Keep an eye and ear out ladies and pass this onto other families ....
I lock up every night but the one night I completely forgot, an Intruder tried and successful got in!! Makes me question, how many times have they tried but it was locked?? I know so many who don't lock doors & assume we live In a safe place. Yes, sometimes we do but why take the risk? The police and security guards were shocked & say this isn't a frequent problem in saheel ... Has anyone else had this happen to them?

Thanks & stay safe !


----------



## Bklyn (Dec 11, 2013)

Linz said:


> Hi, I am pretty new to this site and haven't posted much on here but I really felt obliged to share some information. My intention is to make people aware and increase safety for families living in the ranches and other areas,as it seems this problem is becoming more common. I recently moved to Shaheel with my husband and small daughter. On Thursday night around 2.30am, I heard our staircase creaking and realised someone was in our home and coming upstairs. I woke my husband and he ran out shouting to scare this person Into leaving. There was a man standing on our landing with a torch, he ran and got away through the garden. He was Indian, very tall (over 6ft) which is unusually tall,very lean and young,say 25-35? He stupidly wore his work jumper which looked very much like a gardener landscaping company who regularly work around these areas. Since I don't know what the rules are for this forum I don't want to get into trouble by posting information about the company - so can someone kindly advise if this would be appropriate or not? He also left his crocs at the back door ... He was barefoot as wanted to walk quietly upstairs ! I'm horrified that someone came into our home and more concerned he was Motivated to come upstairs even though the staircase is v noisy and would clearly wake us up! Our valuables were downstairs ... He left everything apart from cash in my wallet. Travelling light but why risk getting caught by coming upstairs? I'm obviously very unsettles by the whole thing and now we are doing everything we can to protect our home and to find this guy. Keep an eye and ear out ladies and pass this onto other families .... I lock up every night but the one night I completely forgot, an Intruder tried and successful got in!! Makes me question, how many times have they tried but it was locked?? I know so many who don't lock doors & assume we live In a safe place. Yes, sometimes we do but why take the risk? The police and security guards were shocked & say this isn't a frequent problem in saheel ... Has anyone else had this happen to them? Thanks & stay safe !

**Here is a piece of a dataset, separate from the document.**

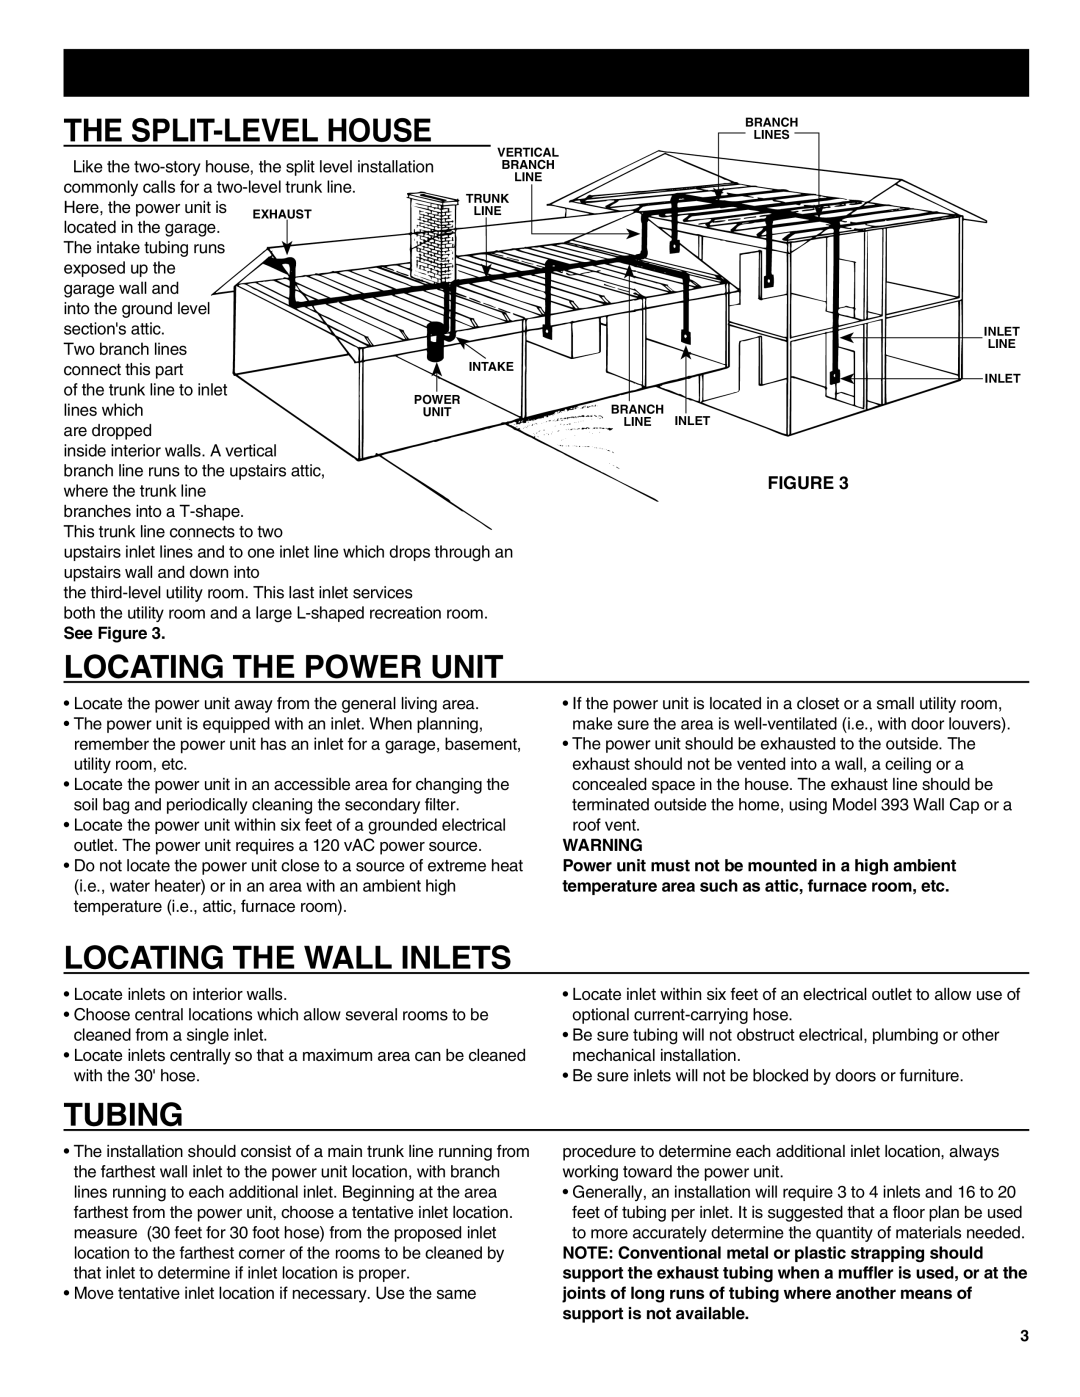 NuTone CV352 manual The Split-Levelhouse, Locating The Power Unit, Locating The Wall Inlets, Tubing, See Figure

Wow! I'm glad you and your family are safe. Unfortunately, these are the times we live in. It's also getting increasingly difficult to get a decent paying job. I'm not justifying his actions by any means. It's just sad.


----------



## Stevesolar (Dec 21, 2012)

Hi,
Glad you are all OK.
I really think these "secure", gated communities often lull is into a false sense of security here in Dubai.
You really must not rely on luck and need to secure your house and belongings like you would in any city.
Invest in a safe (they cost less than 500 AED). - bolt and glue it somewhere hidden and put your valubles in it regularly.
Security lights, spiky plants and gravel are all low cost ways of discouraging people into your garden.
The jungle telegraph will soon let the bad guys know which properties are harder to creep around, once these measures are installed!
Cheers
Steve


----------



## dizzyizzy (Mar 30, 2008)

Linz said:


> Since I don't know what the rules are for this forum I don't want to get into trouble by posting information about the company - so can someone kindly advise if this would be appropriate or not?


Best not to mention the company in question (UAE defamation laws and all that, plus the forum has a no name and shame policy) but I would definitely bring it to their attention, and file a police report. Glad you and your family are ok.


----------



## Tropicana (Apr 29, 2010)

There have been multiple breakins in Furjan as well, as others said it is prudent to take caution, I know people who do not lock their doors claiming "Dubai is very safe" but such incidents happen from time to time


----------



## Tropicana (Apr 29, 2010)

makzee said:


> Glad ur family is safe.
> 
> I just came back from Dubai last night....didnt liked it cuz of the wrong infra structure development...making it dense populated without thinking 100 yr after what will happen....and *just bringing millions of labour in tht country and when project finishes they dont have jobs and they dont wana go back which leads to all these things....[/*QUOTE]
> 
> ...


----------



## Amtmann (May 9, 2012)

A lot of people in Dubai have no insurance on their possessions / home contents. You can get very good cover for under 600 dirhams per year. It's worth having.


----------



## Budw (Oct 14, 2013)

Amtmann said:


> A lot of people in Dubai have no insurance on their possessions / home contents. You can get very good cover for under 600 dirhams per year. It's worth having.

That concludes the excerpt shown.